Researchers have found that children who have suffered violence or trauma appear to age faster, puberty earlier, and have greater signs of aging in their cells.
They say that these findings increase the workload and indicate that early adversity may be “bio-implanted” and may have an adverse effect on health later in life.
Dr. Katie McLaughlin, a co-author of the Harvard University study, said: “These findings also have obvious practical implications.”
McLaughlin and her colleagues wrote in the Psychological Bulletin how they analyzed 54 studies to study the effects of two adversities on the onset of puberty and markers of cellular aging.
In both cases, the results show that children who have experienced violence or trauma but are not deprived have accelerated aging compared to children who have not experienced violence or trauma.
The numbers vary in different studies, but repeated exposure to violence seems to be related to girls having menarche several months earlier than their peers. Although the research team believes this may be important, it should be pointed out that early adolescence is related to mental and physical health problems.
The research team said that in the context of cellular aging (measured by shortening of telomeres, caps at the ends of chromosomes, and accumulation of methyl groups on DNA), children who have suffered violence or trauma appear to be months or even years older than their age. They really are.
“we know [these measures] It is a very powerful predictor of health outcomes and even mortality later in life. “Mclaurin said. Adult research shows that faster biological aging at the cellular level is associated with an increased risk of cancer to cardiovascular disease.
The research team also studied another 25 studies on the effect of childhood adversity on the thinning of the cerebral cortex. As we age, the thinning of the cortex is related to the increase in processing efficiency.
McLaughlin said: “We see that growing up in a dangerous environment accelerates the process of processing social and emotional information in the brain and helps us identify and respond to threatening areas.” She said this may be beneficial in the short term. , But other work suggests that this change may be related to an increased risk of mental health problems.
Among children who have experienced deprivation, different areas of the brain, including children related to memory and decision-making abilities, have also seen accelerated thinning.
For all signs of aging, the effects of childhood adversity seem to be proportional to the scale or severity of the experience. The research team pointed out that for each measurement method of aging, only a small number of studies have been conducted, and the role of heritability in the research results needs further review.
McLaughlin said, however, it makes sense that different forms of adversity have different effects.

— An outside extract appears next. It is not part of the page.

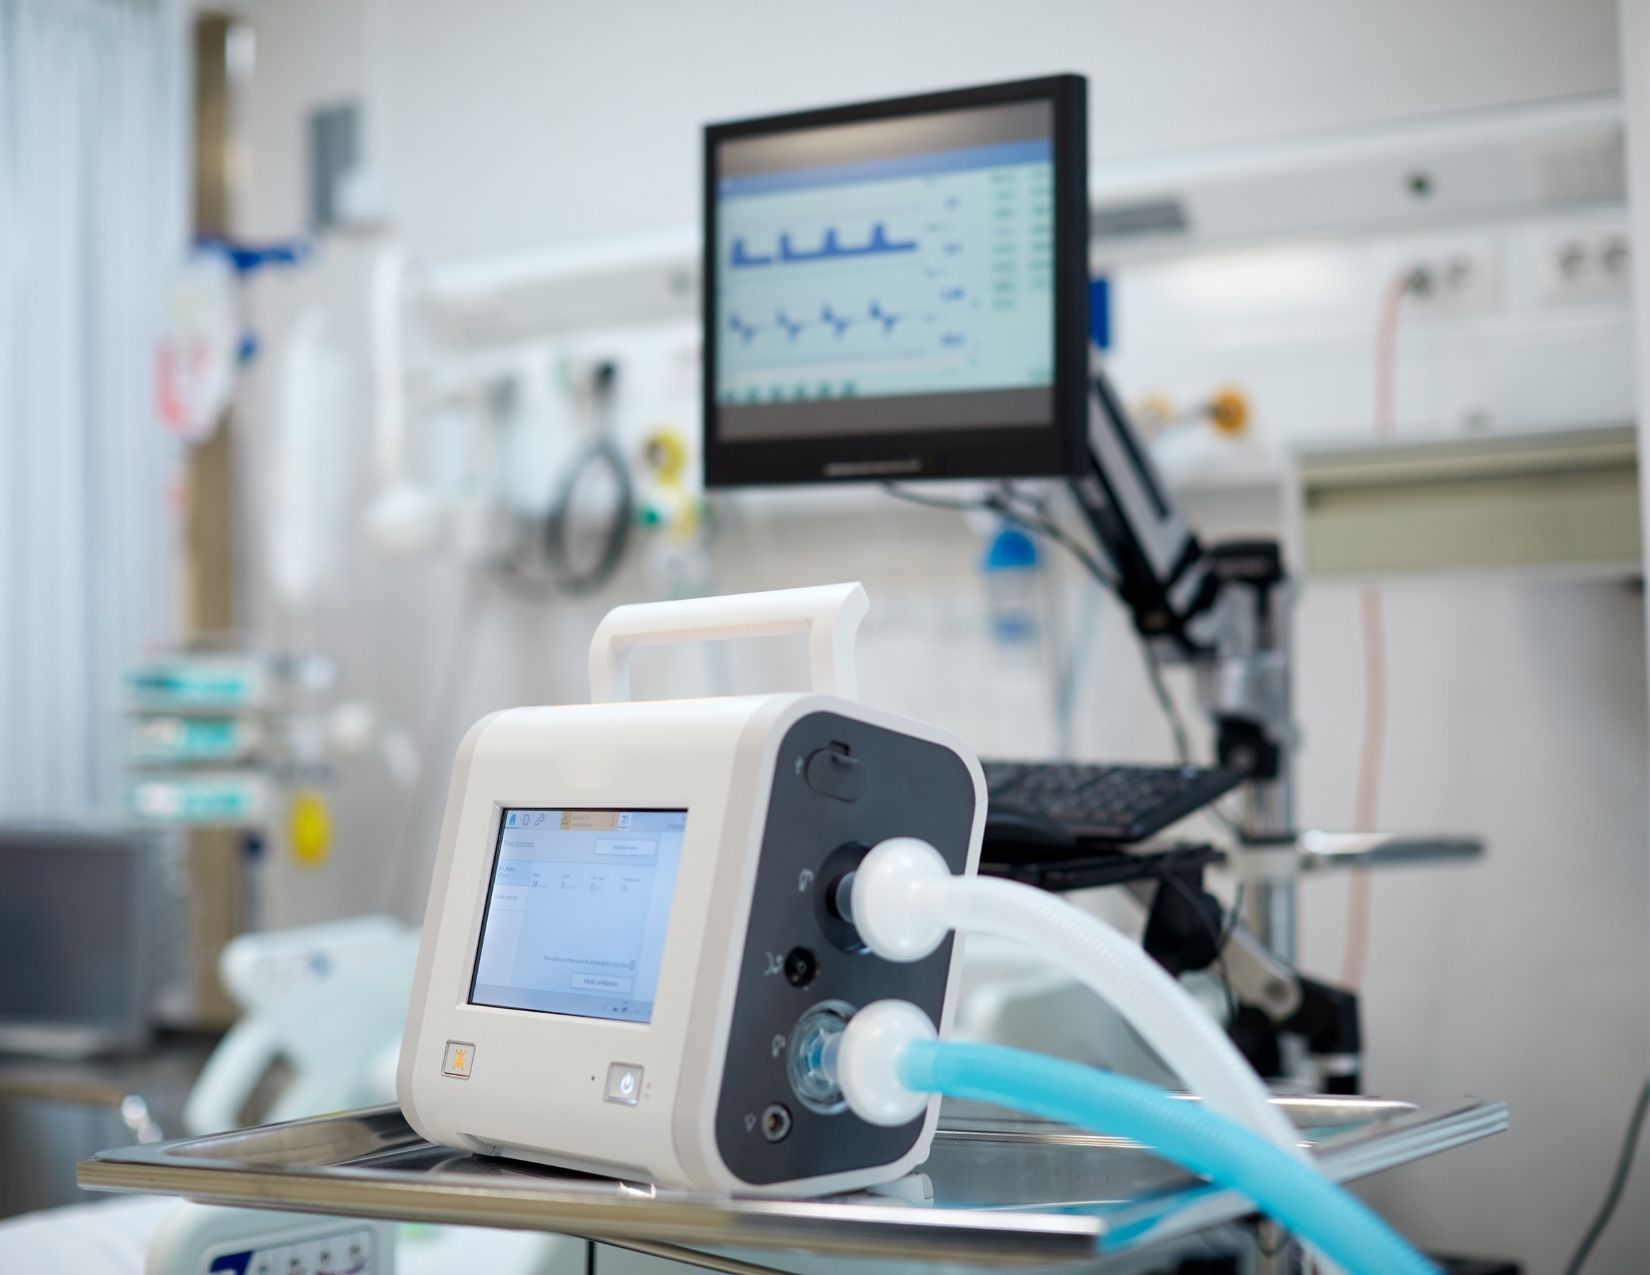 What Is Causing a Decrease in the Global Ventilator Market?
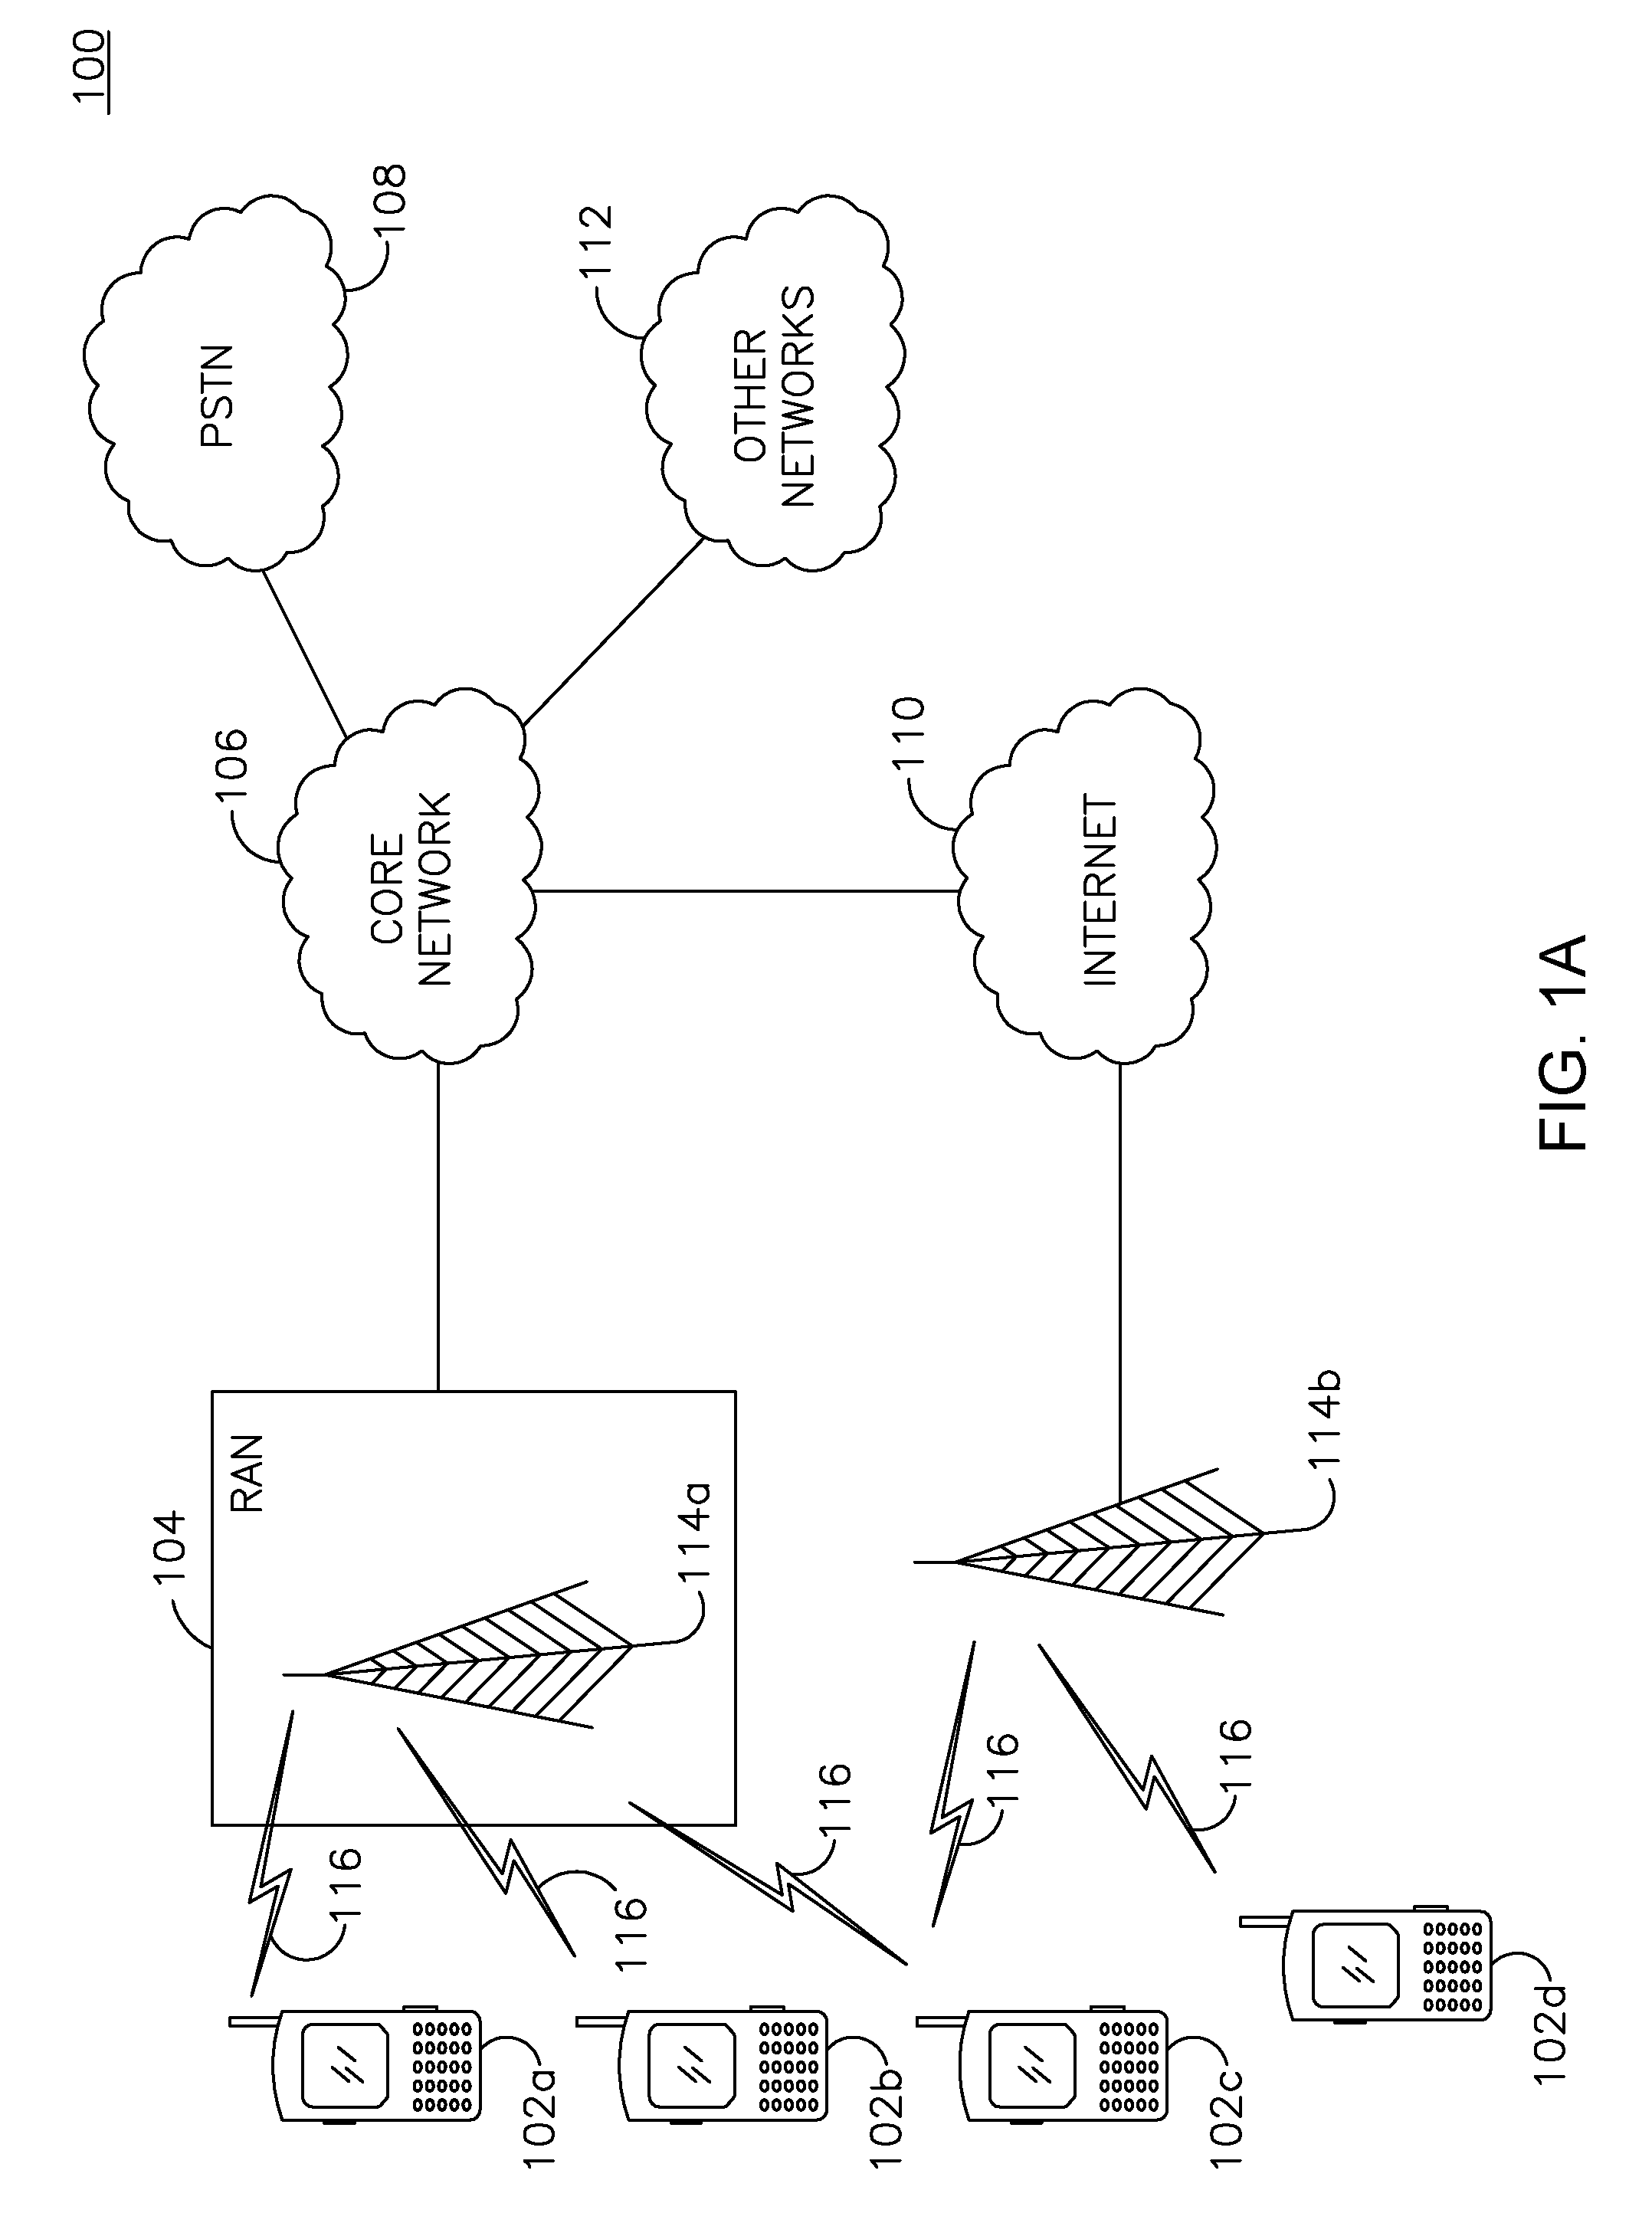 Method and apparatus for dynamic bandwidth provisioning in frequency division duplex systems

She said: “The type of adaptation that may help children adapt to a dangerous environment is completely different from the type of adaptation that may be needed in a deprived environment.”
Andrea Danese, professor of child and adolescent psychiatry at King’s College London, welcomed the research. “The results of the study indicate that a more detailed assessment of children’s experiences may help them understand the potential risks of their biological aging,” he said.
“In turn, this can guide further research to understand why age-related diseases (such as cardiovascular disease or some forms of diabetes) are more common in individuals who have experienced childhood adversity.”
But he also said that the differences are small, which means that they cannot be used to target individual children, and it is not clear why threatening experiences such as violence are associated with faster age.
He said: “The threat experience is related to several characteristics of children, families and communities. These characteristics can explain the observed differences and should be better understood.” “This will enable us to strengthen causal inferences and provide effective interventions. The development provides information to reduce the health burden associated with adverse childhood experiences.”